* Collected data *
————————
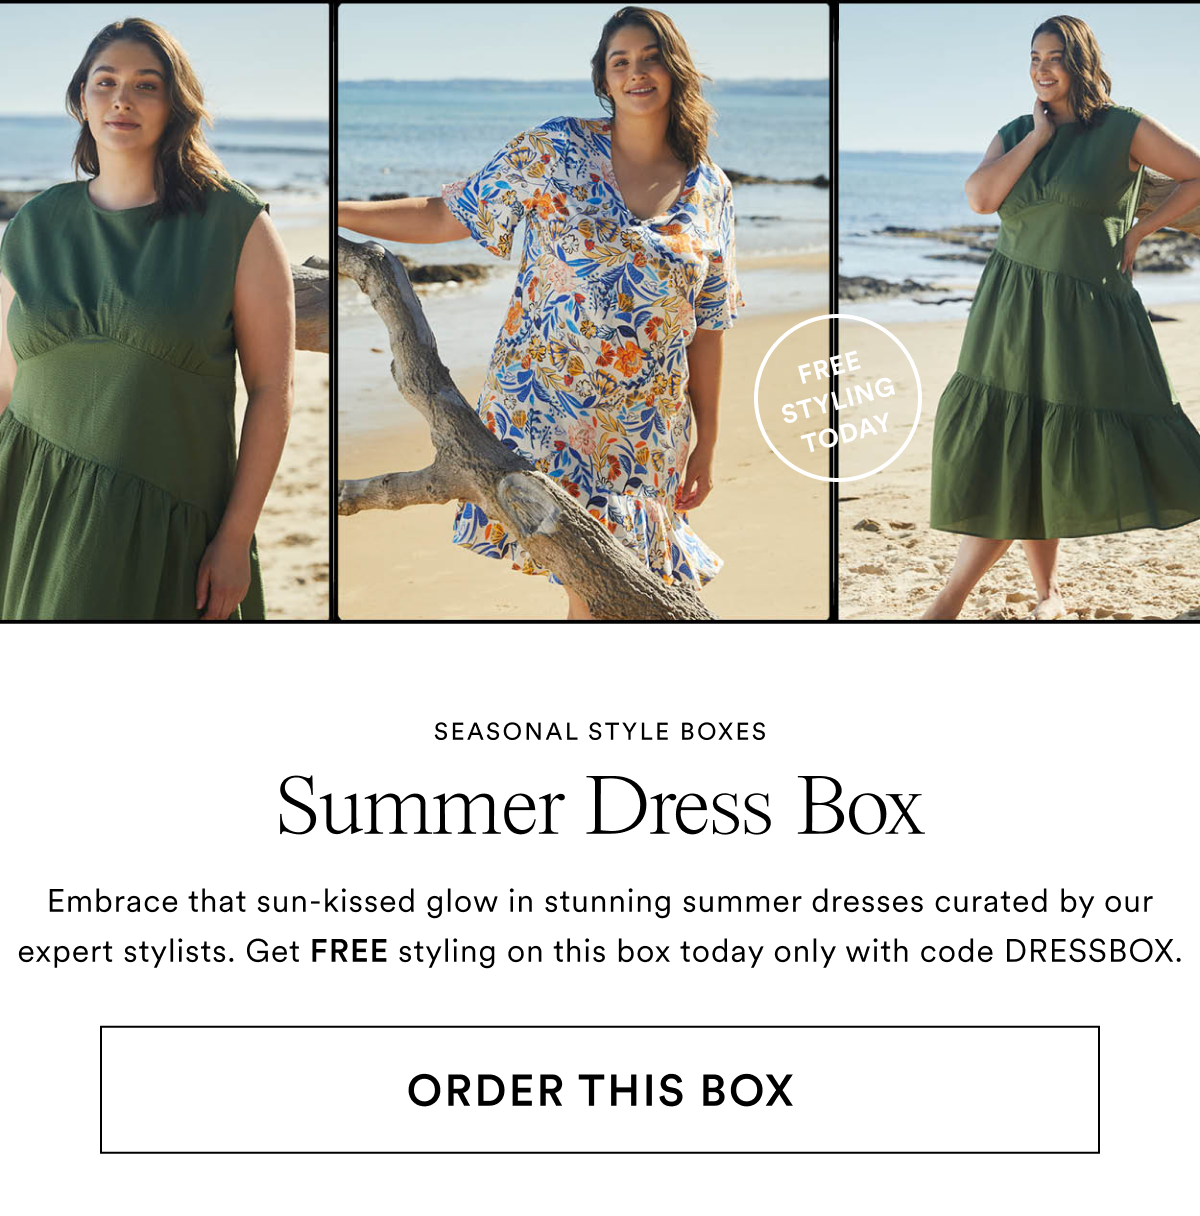 Summer Dress Box. Order This Box
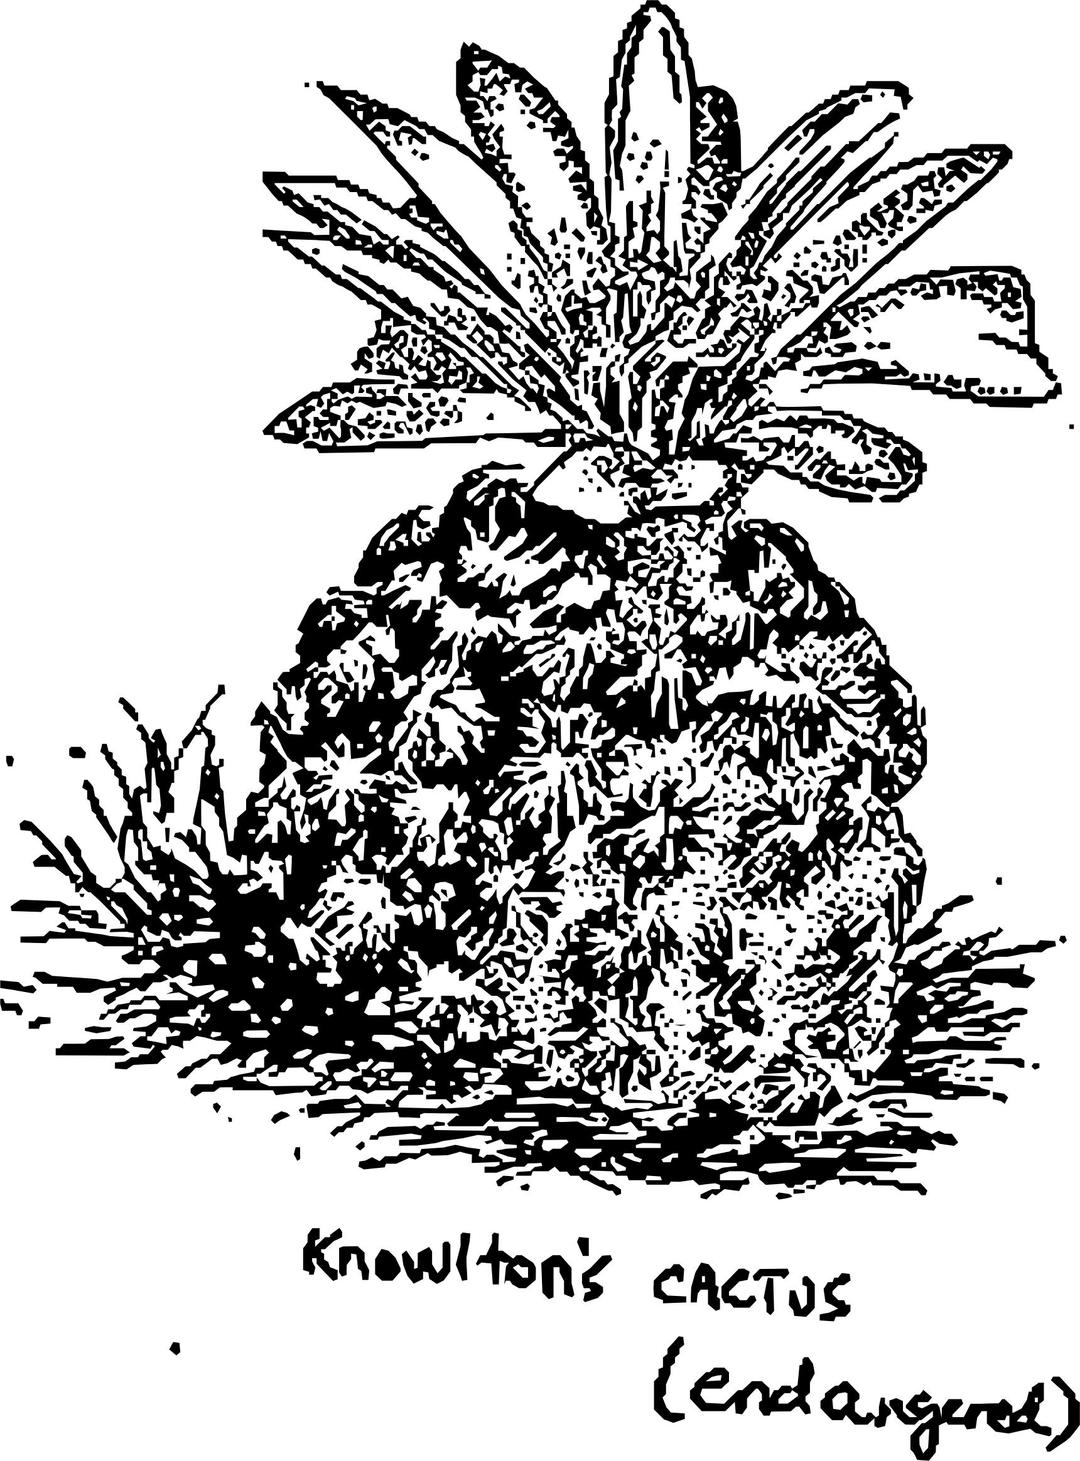 Knowltons Cactus (endangered) png transparent
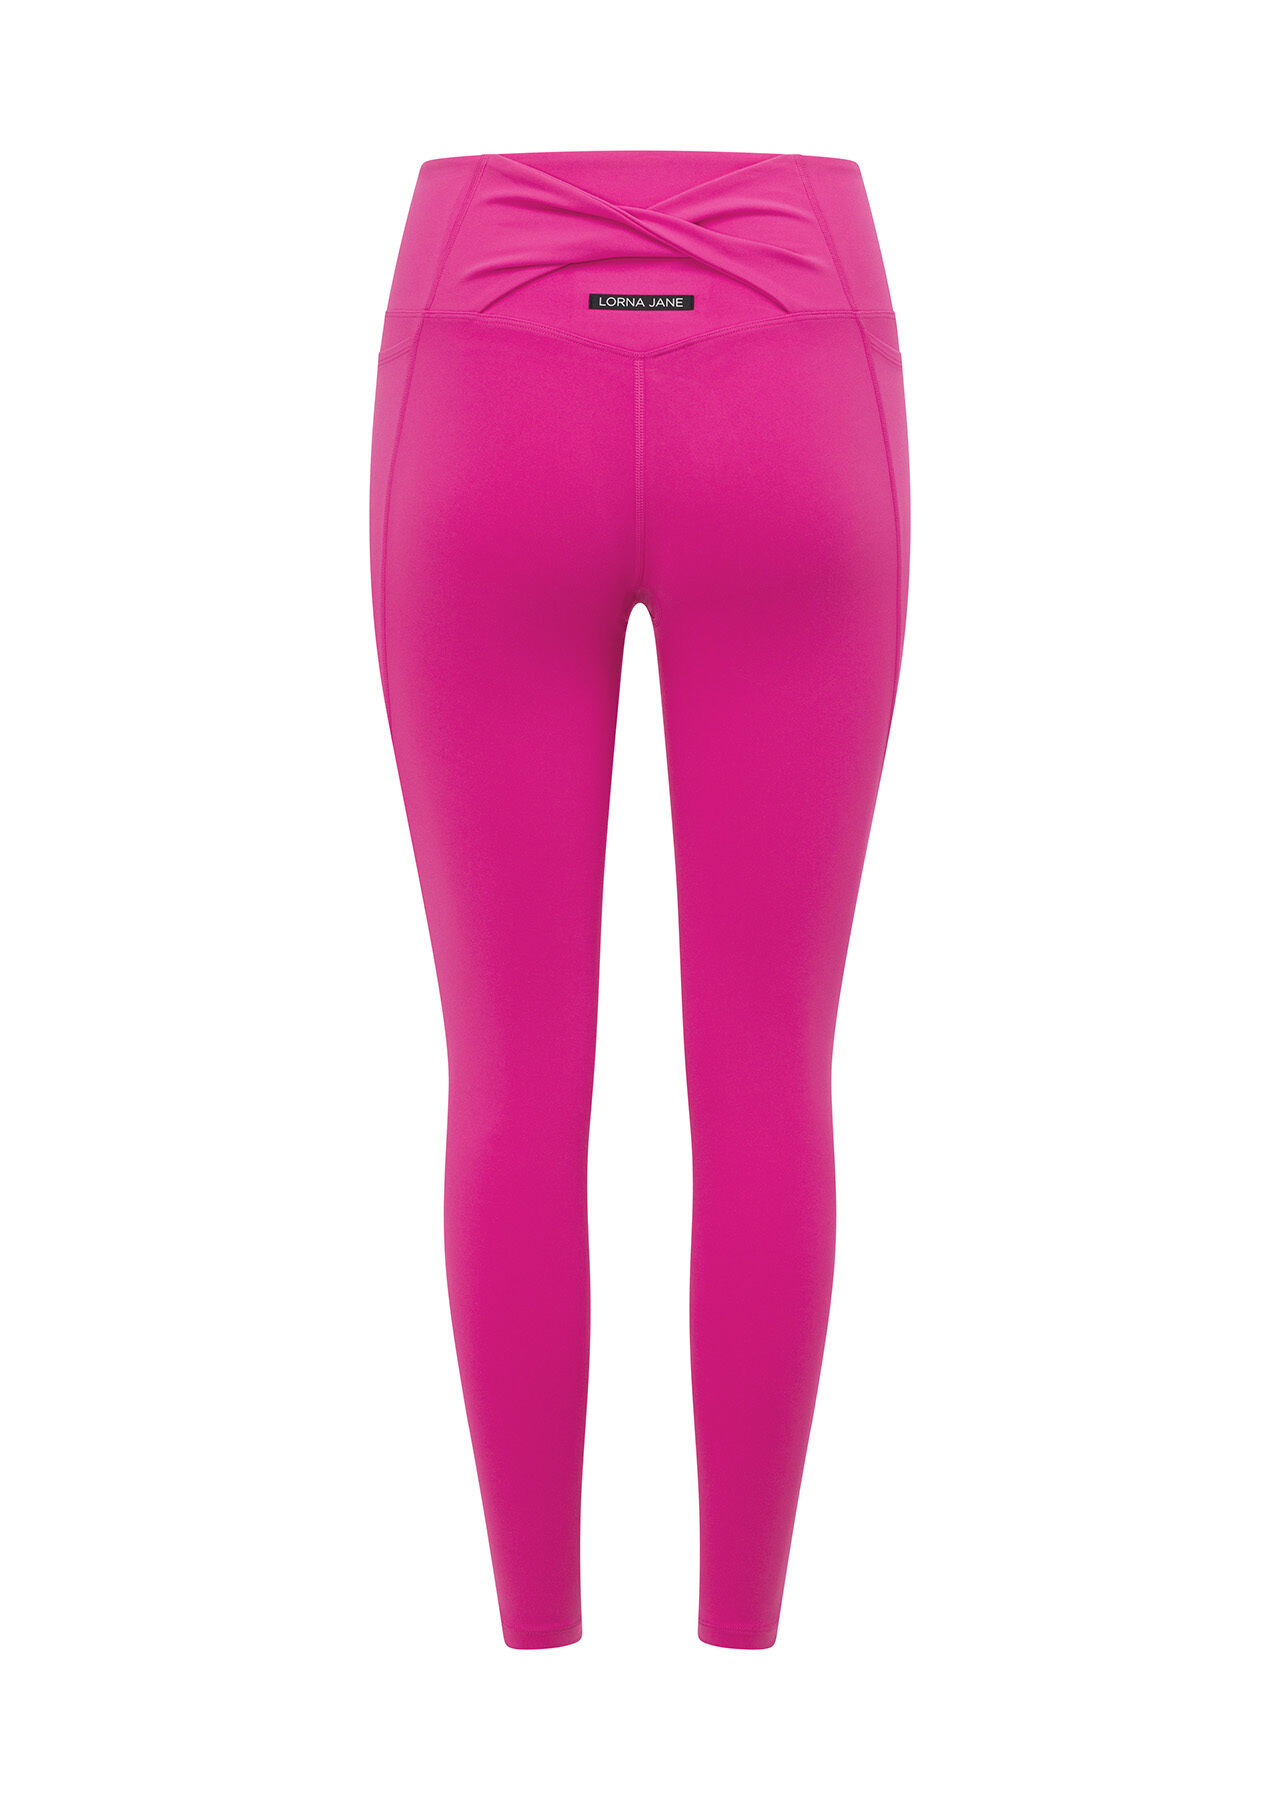 Hoxton Haus seamless gym leggings in hot pink - part of a set | ASOS
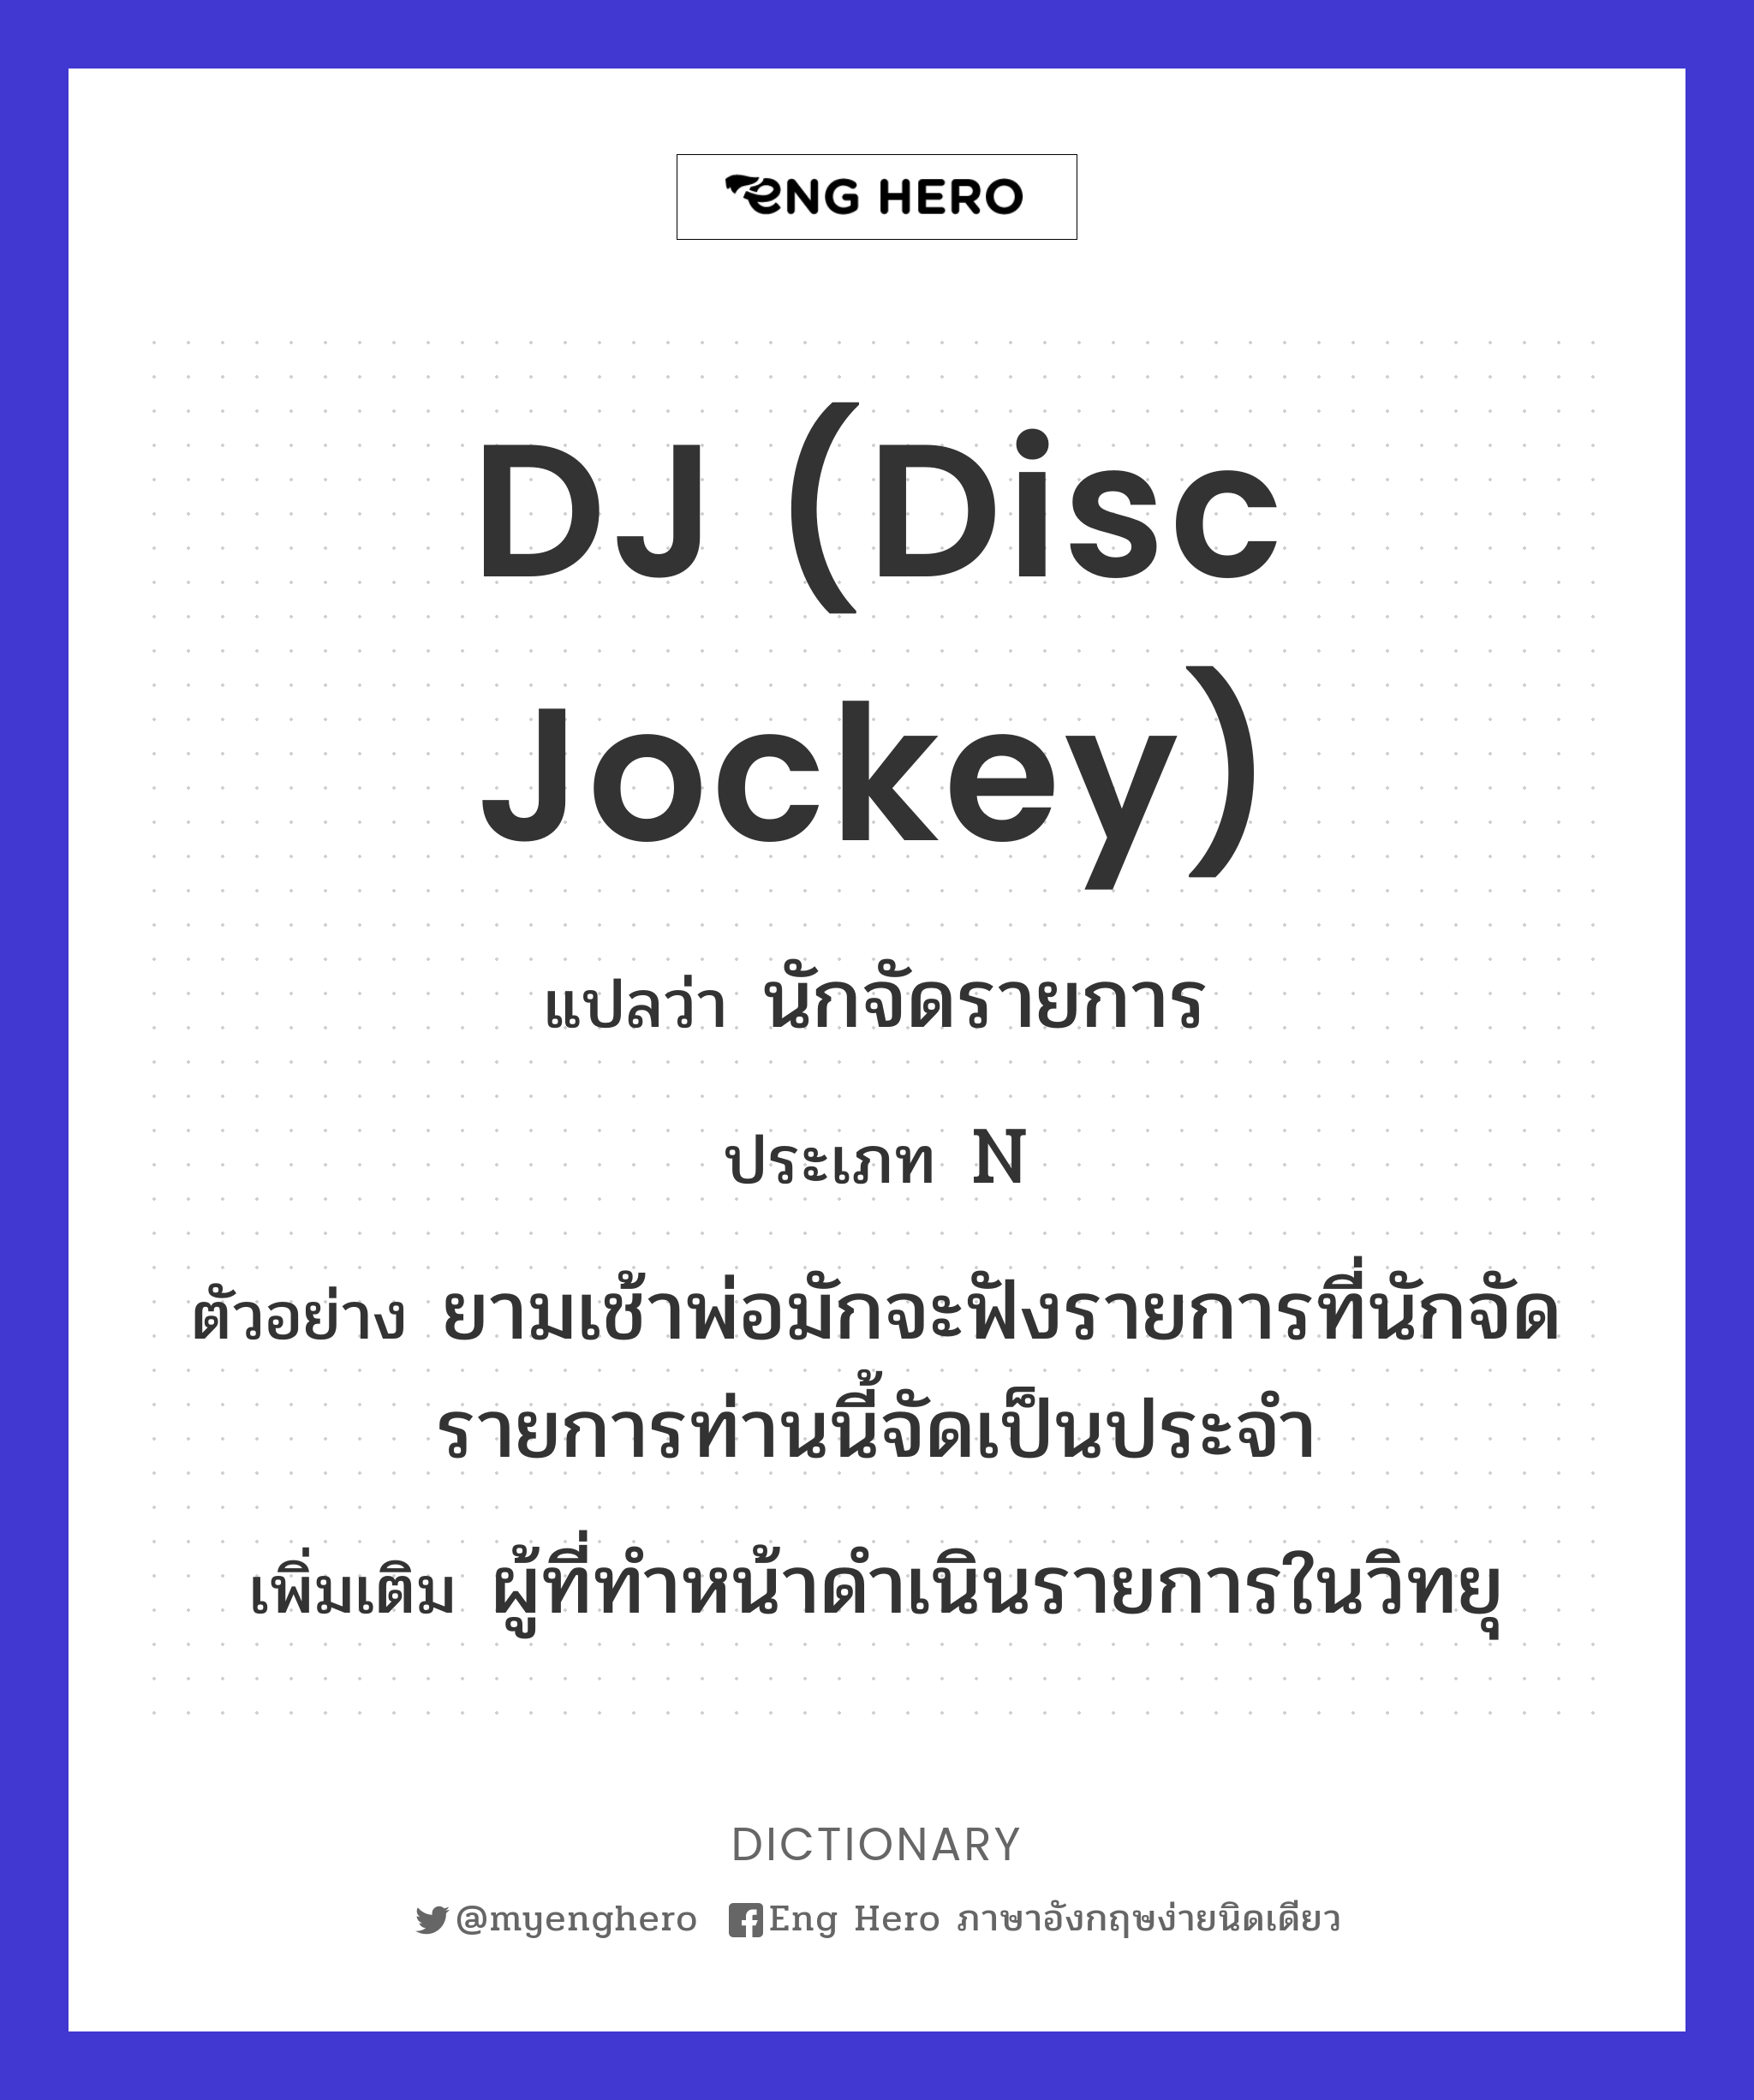 DJ (disc jockey)
————————
* Work order *
Give back the material above exactly, with each picture removed.

* Response box *
 Summer Dress Box. Order This Box
 Knowltons Cactus (endangered) png transparent
 Hoxton Haus seamless gym leggings in hot pink - part of a set | ASOS
 DJ (disc jockey)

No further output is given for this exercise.